● 葛傳根
毛澤東群眾史觀的確立及實踐中的得失
● 葛傳根
毛澤東群眾史觀的確立在其革命生涯中具有奠基性的作用,為他領導中國革命的勝利打下了基礎;但他試圖依靠群眾運動建設一個新中國的設想卻遭到了失敗,這其中的經驗教訓對我們今天正確處理黨群關系具有重要的借鑒意義。
毛澤東;群眾史觀;黨群關系;經驗教訓
毛澤東群眾史觀的確立,在其革命生涯中具有奠基性的作用。這使他較早地認識到組織起來的民眾的力量將無往而不勝,從而解決了中國革命的依靠力量這個重要問題。通過對農民運動的考察,他進一步發現在中國這樣一個農業社會里,農民的人數正是他們的政治潛力所在。一旦被動員起來,“他們將沖決一切束縛他們的羅網,朝著解放的路上迅跑。一切帝國主義、軍閥、貪官污吏、土豪劣紳,都將被他們葬入墳墓。”[1]辛亥革命由于沒有這樣一個大的農村變動,所以失敗了。“現在有了這個變動,乃是革命完成的重要因素。”[2]這一獨到性的發現使毛澤東比其他人更容易擺脫“城市中心論”,在大革命失敗后毅然決然地帶領隊伍走向農村,逐步解決了“農村包圍城市”的革命道路問題。新中國建立后,中國社會發生的天翻地覆的變化,使毛澤東更加堅信群眾是歷史的創造者:“最強大的一種生產力”便是“革命階級本身”[3],所以他發動了一次又一次的群眾運動來建設一個新中國,群眾史觀的思維方式成了毛澤東一生的政治思維定勢。
毛澤東在世界觀形成時期,最初樹立的是唯心主義的英雄史觀,這是由當時的社會歷史條件決定的。隨著俄國十月社會主義革命和五四運動的爆發,毛澤東開始認識到群眾中所蘊含的改造世界的巨大能量,呼吁民眾的大聯合,社會歷史觀發生初步轉變。
近代中國半殖民地半封建化日益加深,軍閥混戰,民不聊生。尚在上學的毛澤東目睹這一切,決心以救國救民為己任,并且認為可以通過“有大氣量人,從哲學、倫理學入手,改造哲學,改造倫理學,根本上變換全國之思想”[4]的途徑以救黎民百姓于水火之中。
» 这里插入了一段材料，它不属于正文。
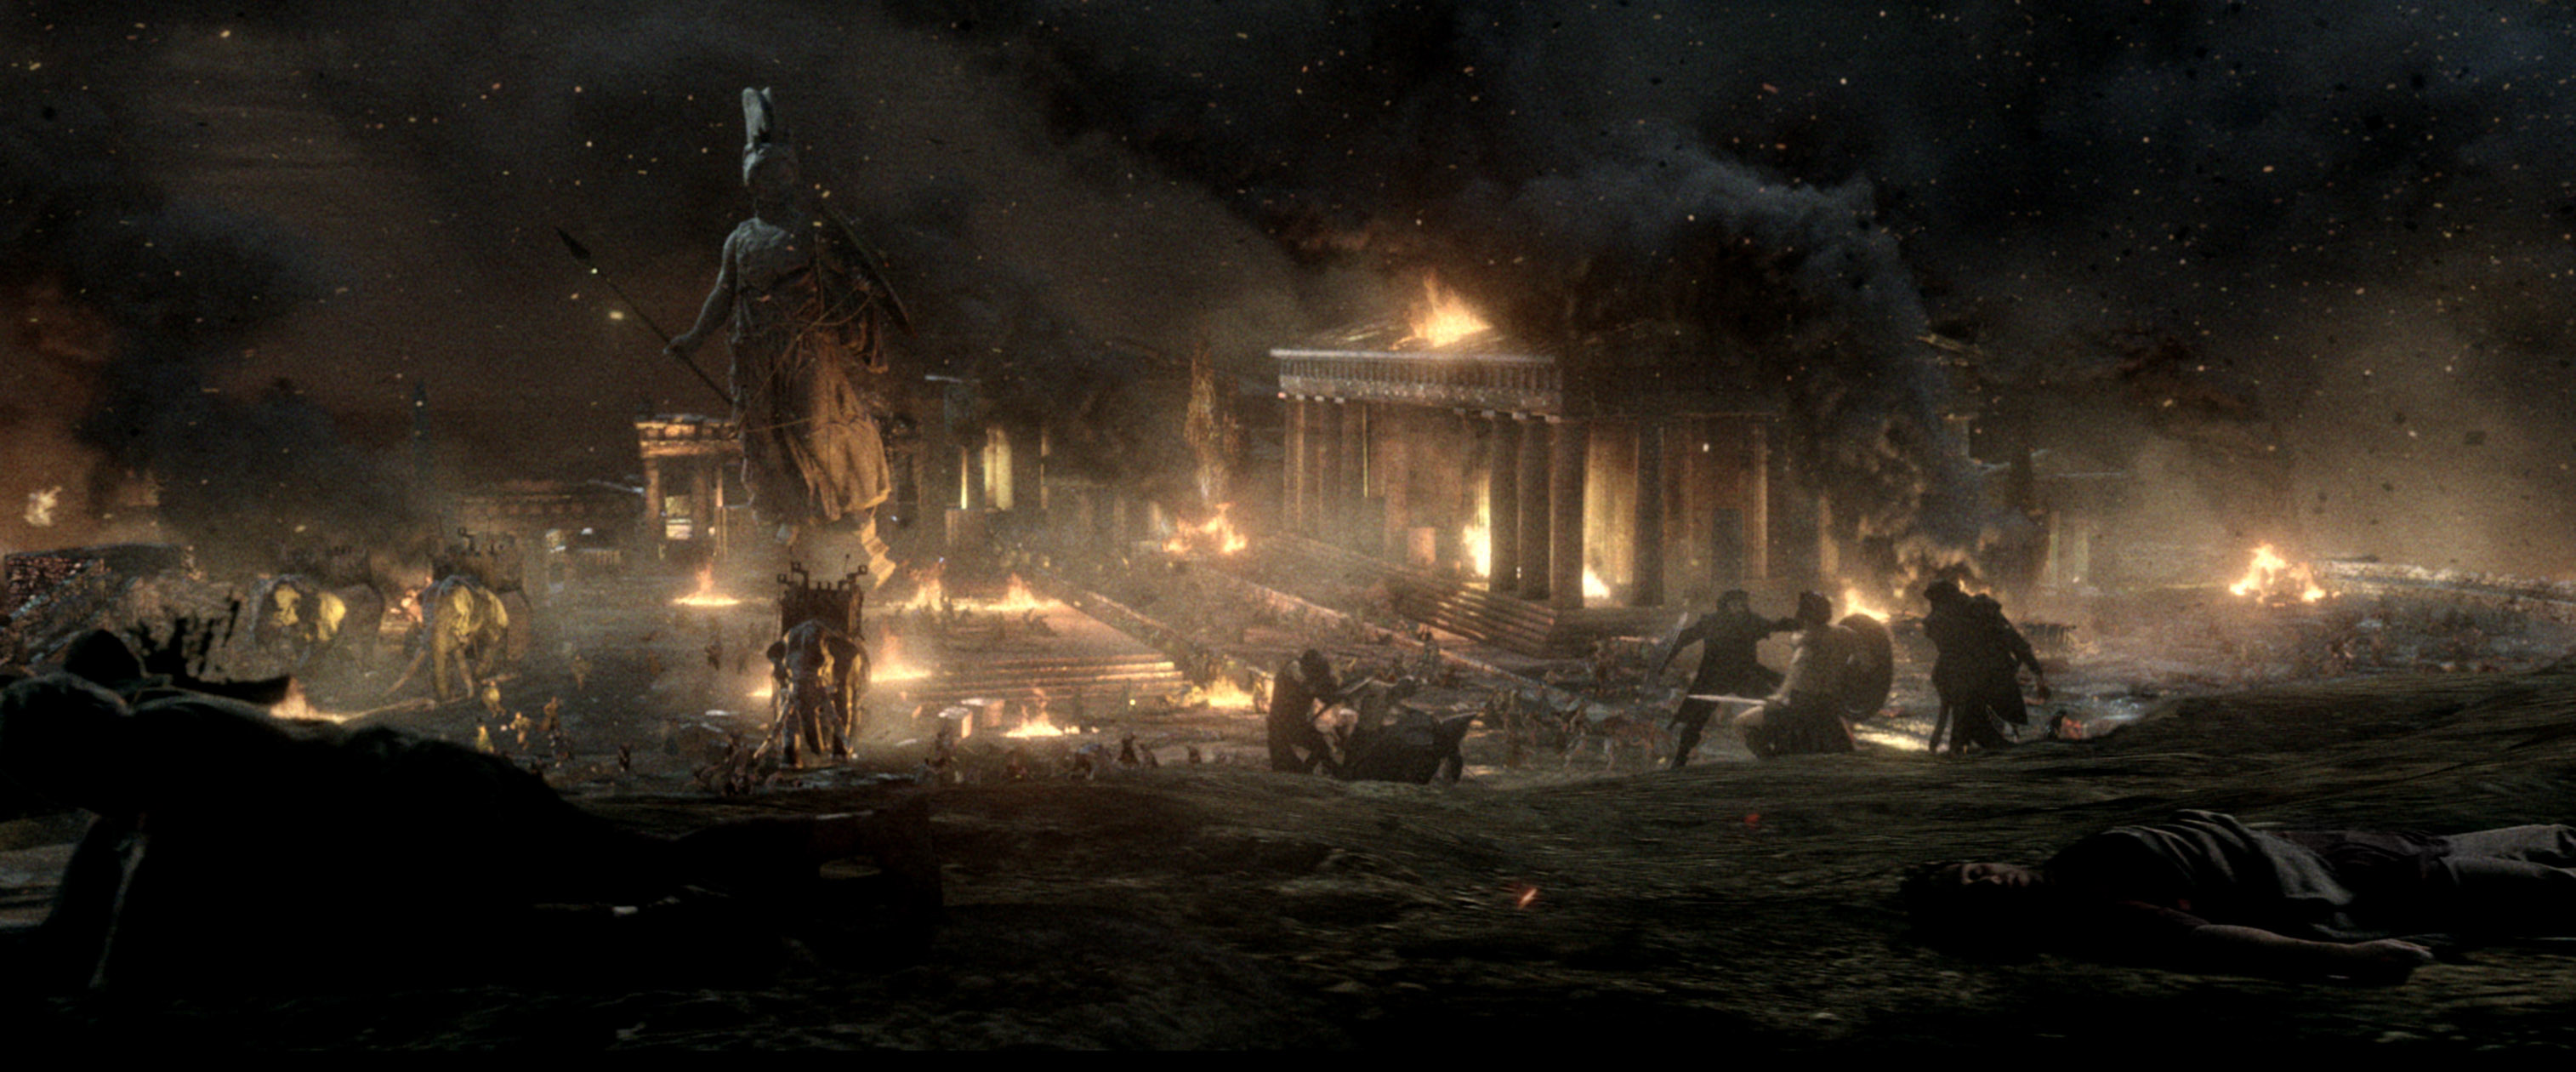 300: Rise of an Empire Photo Gallery

那么誰是承擔這一歷史重任的大氣量之人呢?毛澤東認為當時中國社會的當權者既“無內省之明”又“無外觀之識”。[5]放眼體制外,中國的資產階級自身存在著不可克服的歷史局限性,根本不能擔負起領導革命的重任。“今之論人者,稱袁世凱、孫文、康有為而三。孫、袁吾不論,獨康有為似有本源矣。然細觀之,其本源究不能指其實在何處,徒為華言炫聽,并無一干豎立、枝葉扶疏之妙。”[6]而中國工農階級當時還沒有顯示出自己的潛在力量,在毛澤東眼里還是一個需要被拯救的群體。“吾見今之人,為強有力者所利用,滔滔皆是,全失卻其主觀性靈,顛倒之,播弄之,如商貨,如土木,不亦大可哀哉!”[7]
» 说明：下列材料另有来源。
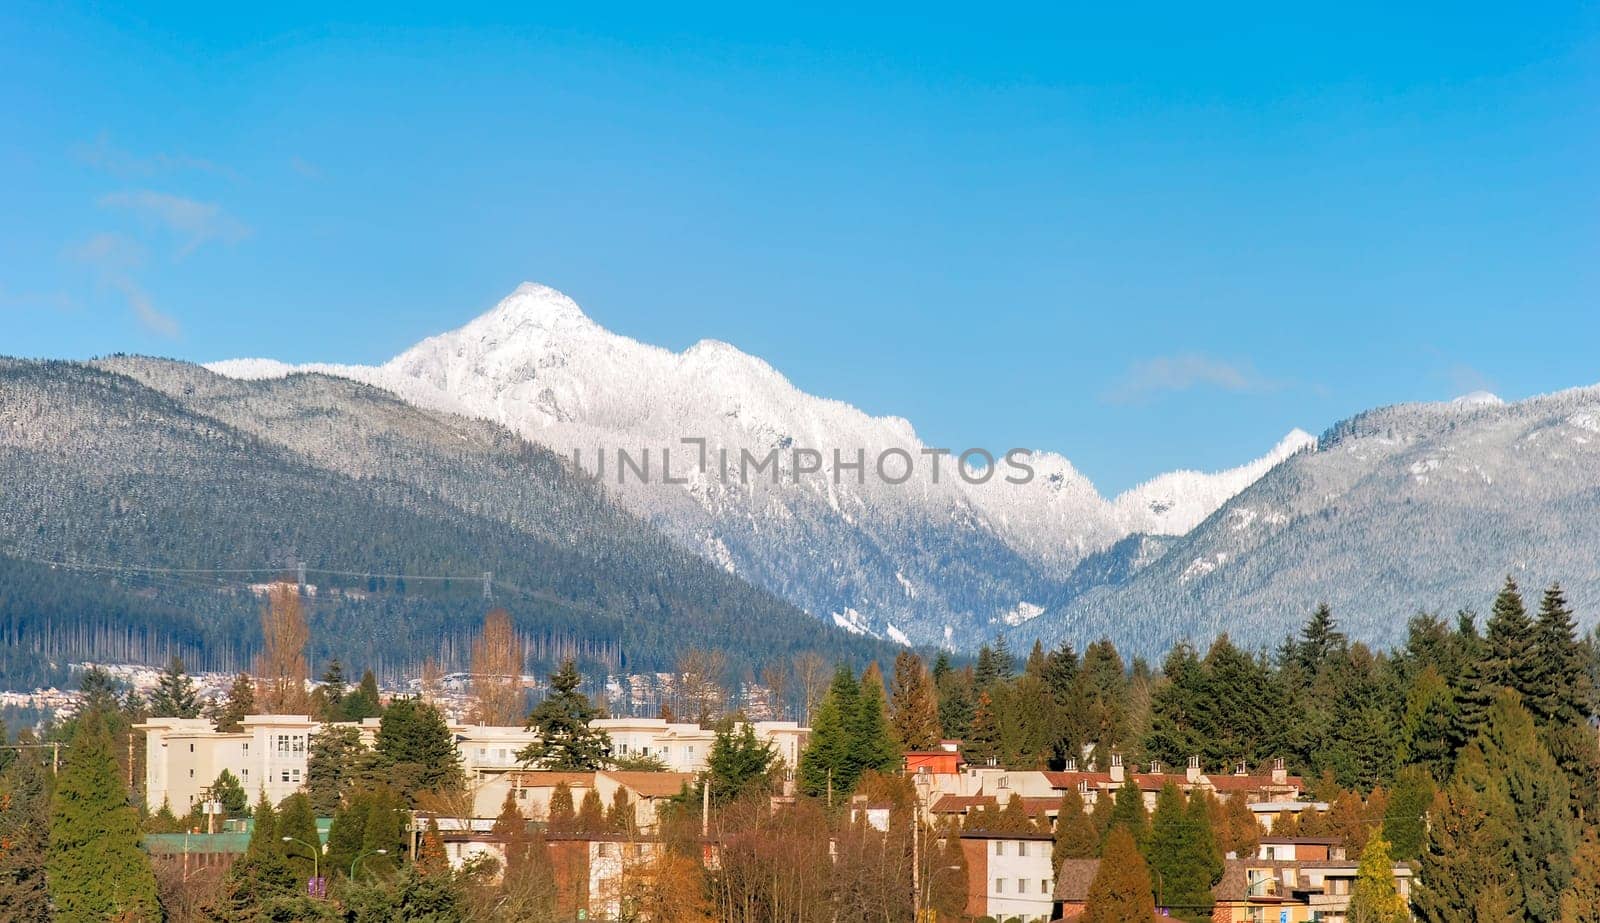 Overviewe of Burquitlam area of Grater Vancouver on brite winter day by Imagenet

最終毛澤東將力挽狂瀾的歷史重任寄托于個別英雄圣賢,認為“來日之中國,艱難百倍于昔,非有奇杰不足言救濟”[8]。他把人分為圣人、賢人、愚人三個層次,“圣人,既得大本者也;賢人,略得大本者也;愚人,不得大本者也”[9],希望通過圣賢感化蕓蕓眾生達到改造國家社會的目的。后來他又把人分為小人、君子兩個層次。然而,無論哪一種劃分方法,都是把英雄人物擺在了救世主的位置,這是典型的英雄史觀。
毛澤東英雄史觀的形成,當然與他尚處于學生時代沒有走出思辨領域有關,但更主要的是那個時代的產物。鴉片戰爭后,著名思想家龔自珍就曾發出“九州生氣恃風雷,萬馬齊喑究可哀,我勸天公重抖擻,不拘一格降人才”的感嘆。新文化運動時期,李大釗也曾“倡言超人哲學,鼓吹英雄主義”[10]。可見,把中國的希望寄予少數非凡人物,是當時社會的普遍心態。
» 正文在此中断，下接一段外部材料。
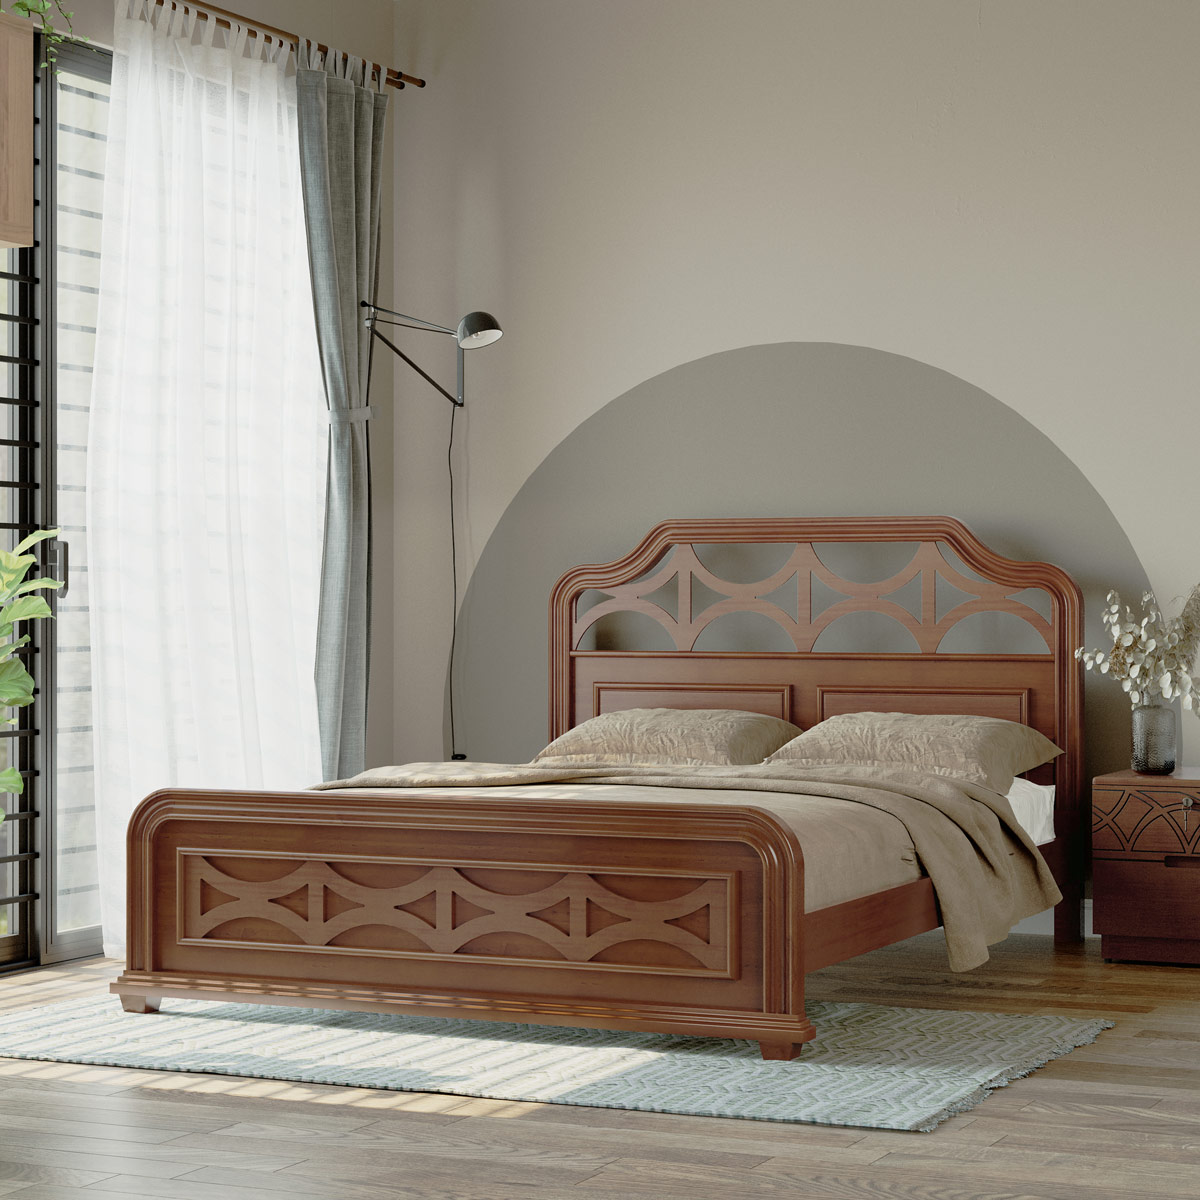 Panam Wooden Double bed I BDH-364-3-1-20

十月革命的勝利使中國先進知識分子看到了人民群眾推動歷史前進的力量。圣賢救世的社會心態在一部分先進的中國人中開始動搖。李大釗在《Bolshevism的勝利》一文中指出:“二十世紀的群眾運動……集中而成一種偉大不可抗力的社會力……什么皇帝咧,貴族咧,軍閥咧,官僚咧,軍國主義咧,資本主義咧……都像枯黃的樹葉遇見凜冽的秋風一般,一個一個的飛落在地。”《每周評論》第18期《各國勞農界的勢力》一文說:“自俄國布爾什維克主義戰勝后,歐洲勞農兩界,忽生最大的覺悟,人人出力和資本家決斗。他們的勢力,已經征服了好幾國……這種革命,在政治史上算得頂有價值的事體。”[11]
1919年突如其來的五四運動,開始只是共產主義的知識分子、革命的小資產階級知識分子和資產階級知識分子三部分人的愛國舉動,發展到“六三”之后,廣大的無產階級、小資產階級和資產階級參加,最終形成了全國22個省150多個城市的各階層民眾徹底地不妥協地反帝反封建的革命運動。廣大人民群眾特別是工人階級力量的彰顯,使北洋政府不得不屈服,沒敢在巴黎和約上簽字。這一意外的成功對思索民族國家命運的先進知識分子來說,無疑是一次巨大的震動。他們真正意識到:在內憂外患的時代背景下,想要完成內懲國賊、外爭國權的歷史使命,必須要依靠民眾的力量。民眾聯合逐漸取代圣賢救世成為五四運動后時代的主旋律。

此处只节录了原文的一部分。